1. Panel summary (N, T, balance).

2. Pesaran (2007) CIPS panel unit root test on each variable.

3. Pesaran CD test on raw residuals (pooled OLS) to check for cross-sectional dependence.

4. Westerlund (2007) cointegration test, if at least one variable is non-stationary.

5. Rank condition classifier (De Vos et al. 2024) for a baseline static CCE fit.

6. Information criterion selection of the optimal CSA lag order.

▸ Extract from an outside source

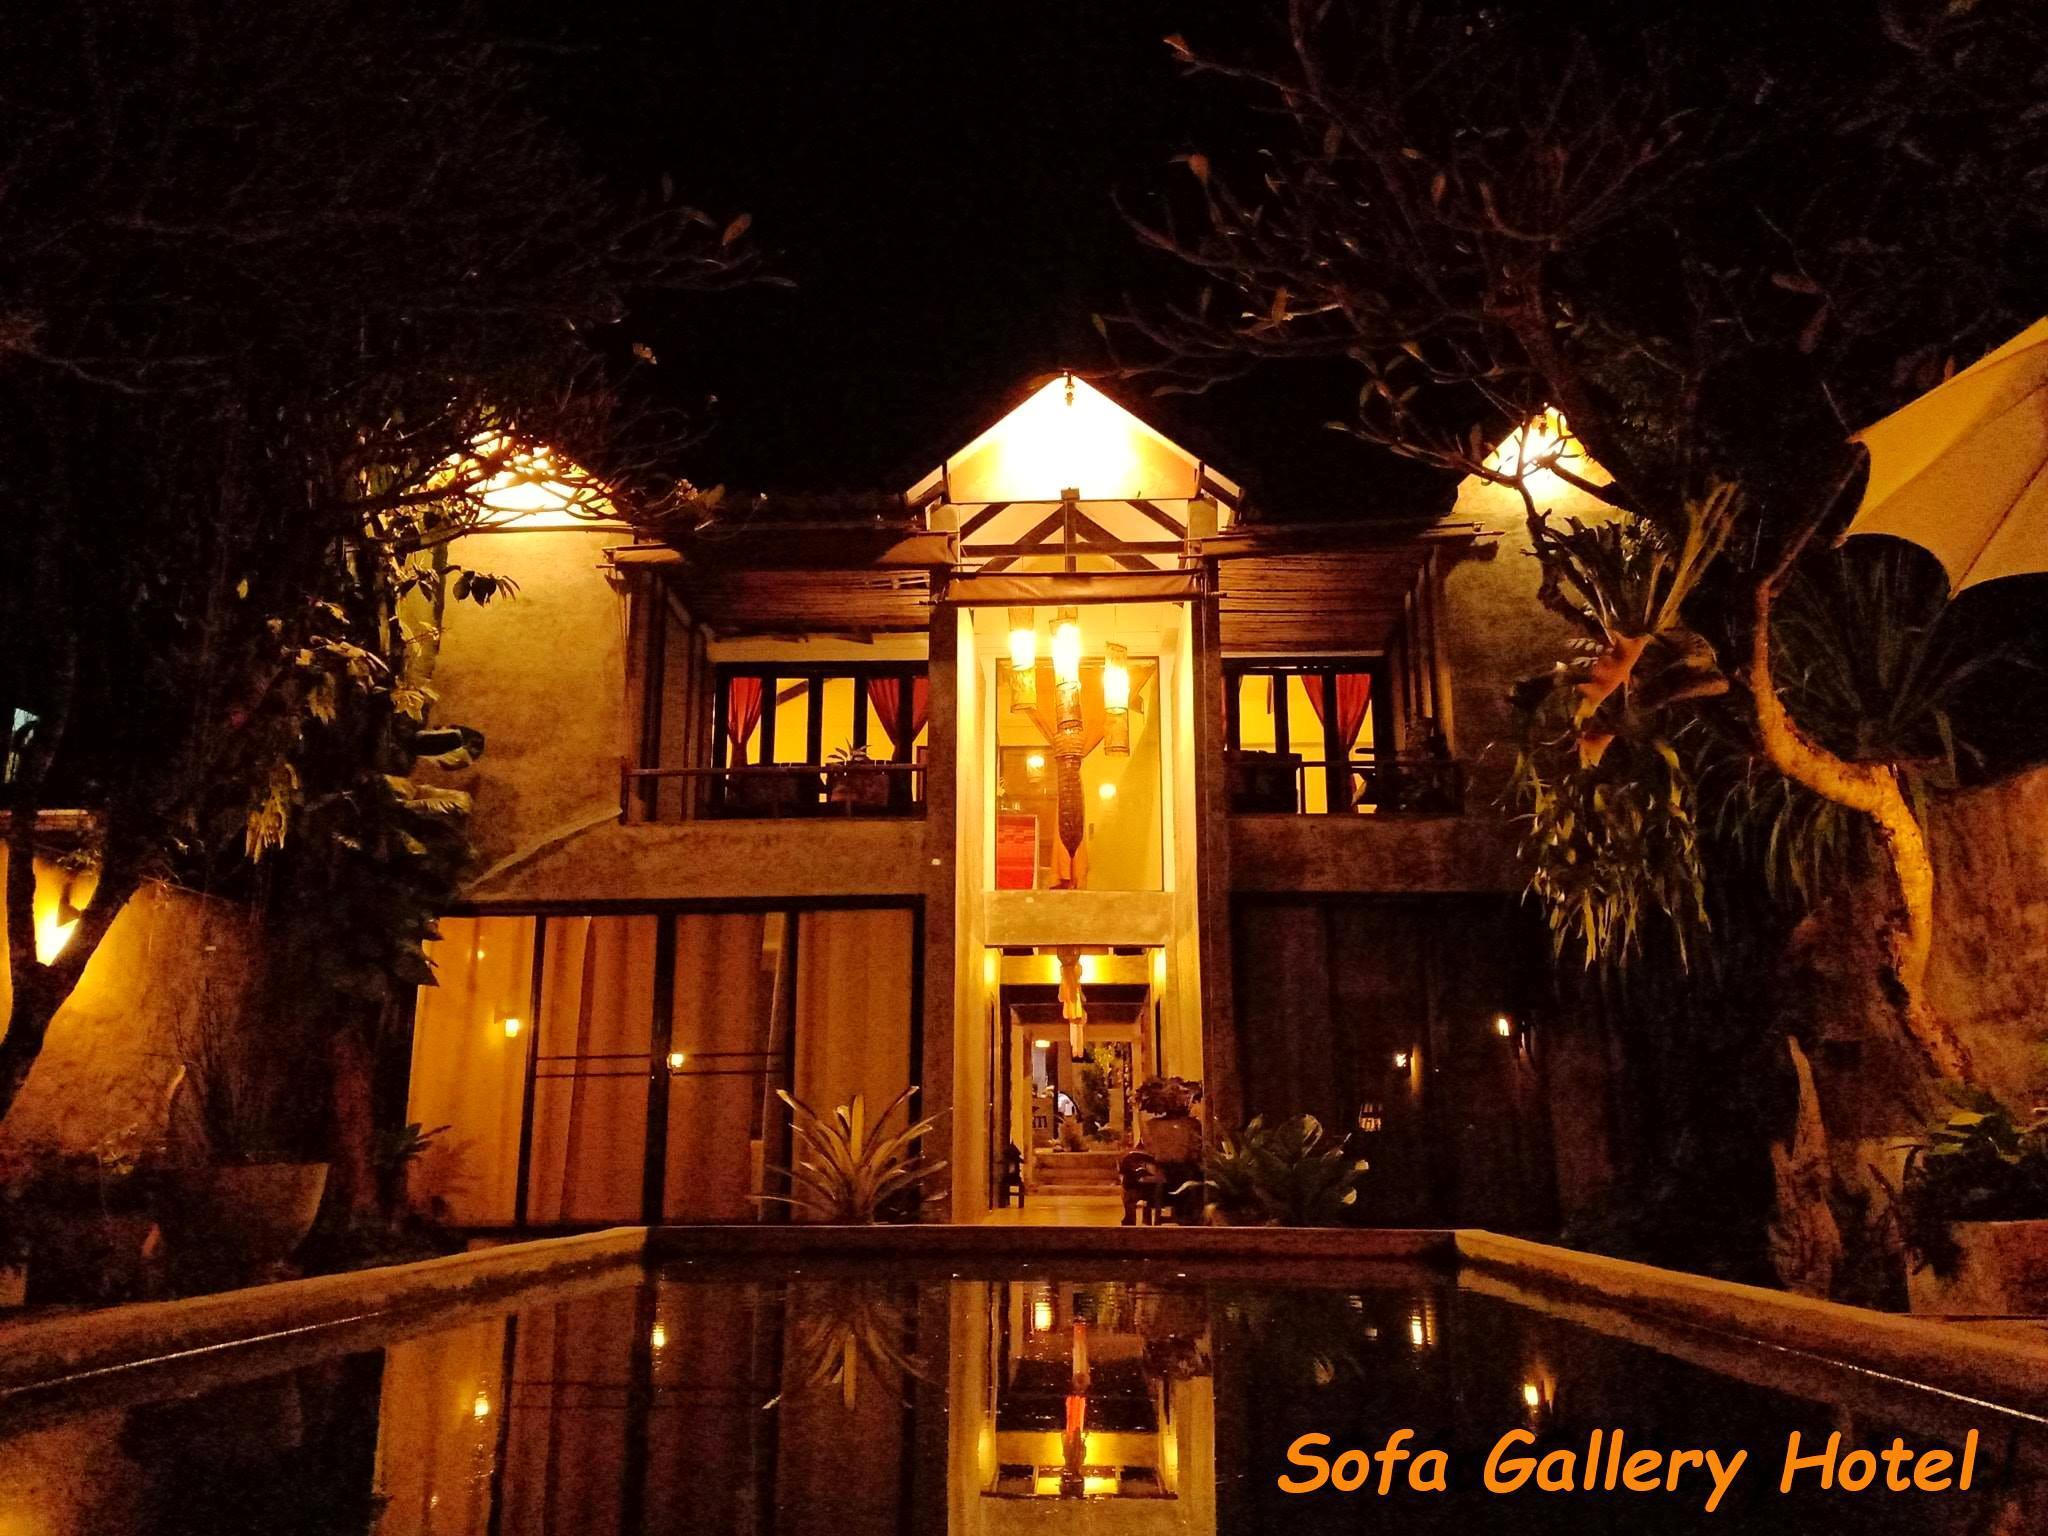 Sofa Gallery Hotel 1

Based on the results, the function chooses a recommended estimator from c("mg", "cce", "dcce", "pmg", "csardl") and returns a printable suggested dcce() call.

Value

An object of class dcce_workflow with elements panel_summary, unit_root, csd_premodel, cointegration, rank_condition, optimal_cr_lags, recommendation, and call.

Examples

data(pwt8)
wf <- dcce_workflow(
  data       = pwt8,
  unit_index = "country",
  time_index = "year",
  formula    = log_rgdpo ~ log_hc + log_ck + log_ngd,
  verbose    = FALSE
)
print(wf)

Extract fitted values from a dcce_fit object

Description

Extract fitted values from a dcce_fit object

Usage

## S3 method for class 'dcce_fit'
fitted(object, ...)

Arguments

Value

A numeric vector of fitted values (y-hat), or NULL if not available.

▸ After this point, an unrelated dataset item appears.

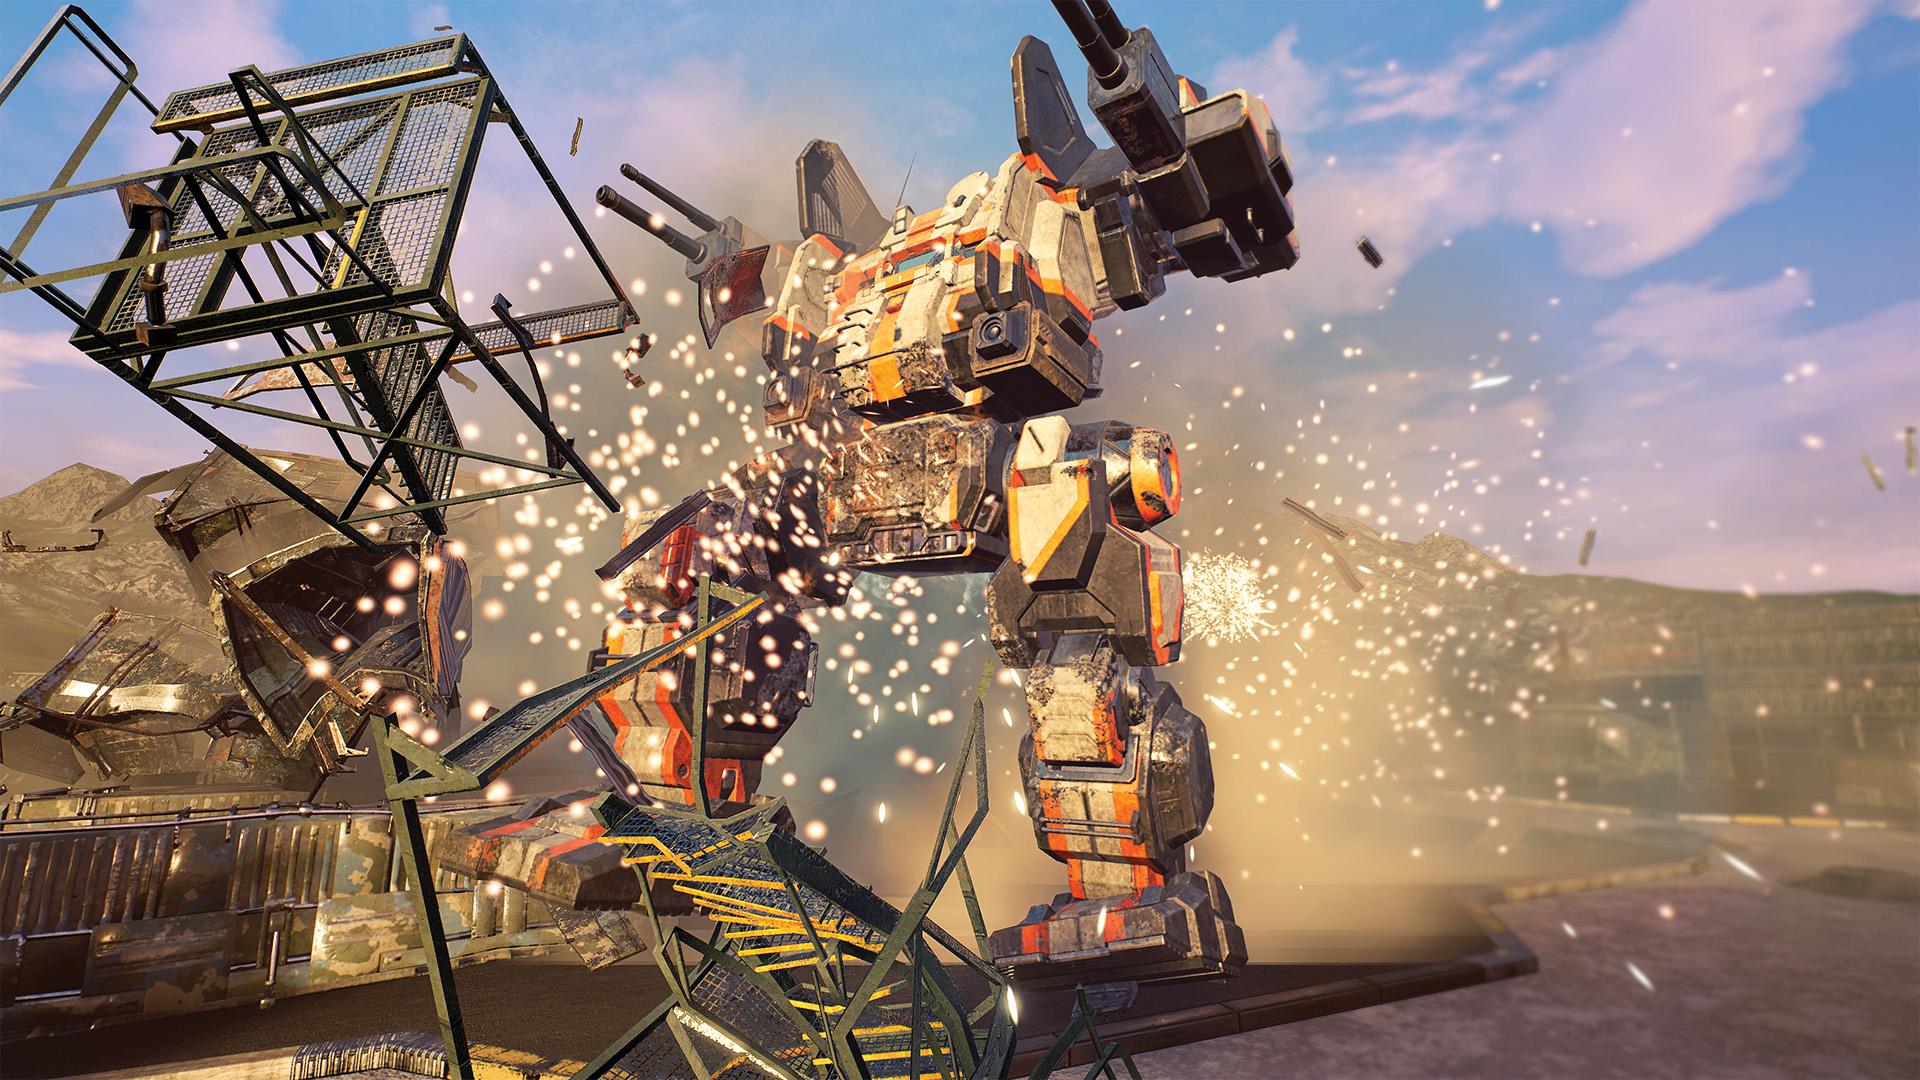 Piranha Games explica por que o MechWarrior 5: Mercenaries foi exclusivo da Epic Store

Glance at a dcce_fit object

Description

Returns a single-row tibble of model summary statistics, compatible with the broom package.

Usage

## S3 method for class 'dcce_fit'
glance(x, ...)

Arguments

Value

A single-row tibble.

Dumitrescu-Hurlin Panel Granger Causality Test

Description

Tests whether x Granger-causes y in a heterogeneous panel, following Dumitrescu & Hurlin (2012). For each unit i a bivariate VAR-type regression is fitted:

y_{it} = \alpha_i + \sum_{k=1}^{K} \gamma_{ik} y_{i,t-k} + \sum_{k=1}^{K} \beta_{ik} x_{i,t-k} + u_{it},

and the individual Wald statistic for H_0^{(i)}: \beta_{i1} = \cdots = \beta_{iK} = 0 is computed.

Usage

granger_test(data, unit_index, time_index, y, x, lags = 1L)

Arguments

Details

The panel statistics are:

W-bar

The cross-sectional average of the N unit-level Wald statistics.

Z-bar

Standardised version: \tilde{Z} = \sqrt{N/(2K)} (W\text{-bar} - K) \xrightarrow{d} \mathcal{N}(0,1).

Z-bar tilde

Small-sample adjusted version using E[W_i] and Var(W_i) from the F(K, T-3K-1) distribution.

Value

An object of class dcce_granger with elements:

W_bar

Mean Wald statistic across units.

Z_bar

Standardised statistic (large-T).

Z_bar_tilde

Small-sample adjusted statistic.

p_value_Z

p-value for Z-bar.

p_value_Zt

p-value for Z-bar tilde.

unit_wald

Named vector of per-unit Wald statistics.

N

Number of units used.

T_bar

Average time-series length.

lags

Lag order.

References

Dumitrescu, E.-I., & Hurlin, C. (2012). Testing for Granger non-causality in heterogeneous panels. Economic Modelling, 29(4), 1450–1460.

Examples

data(pwt8)
gc <- granger_test(
  data = pwt8, unit_index = "country", time_index = "year",
  y = "d_log_rgdpo", x = "log_ck", lags = 1
)
print(gc)

Hausman-type Test: MG vs Pooled

Description

Tests the null that the pooled and MG estimators are both consistent (i.e. slopes are homogeneous and the pooled estimator is efficient) against the alternative that slopes are heterogeneous and only MG is consistent. The test statistic is

H = (\hat\beta_{MG} - \hat\beta_{pool})' [V_{MG} - V_{pool}]^{-1} (\hat\beta_{MG} - \hat\beta_{pool}) \sim \chi^2_k.

Usage

hausman_test(object)

Arguments

Value

An object of class dcce_hausman with the test statistic, degrees of freedom, and p-value.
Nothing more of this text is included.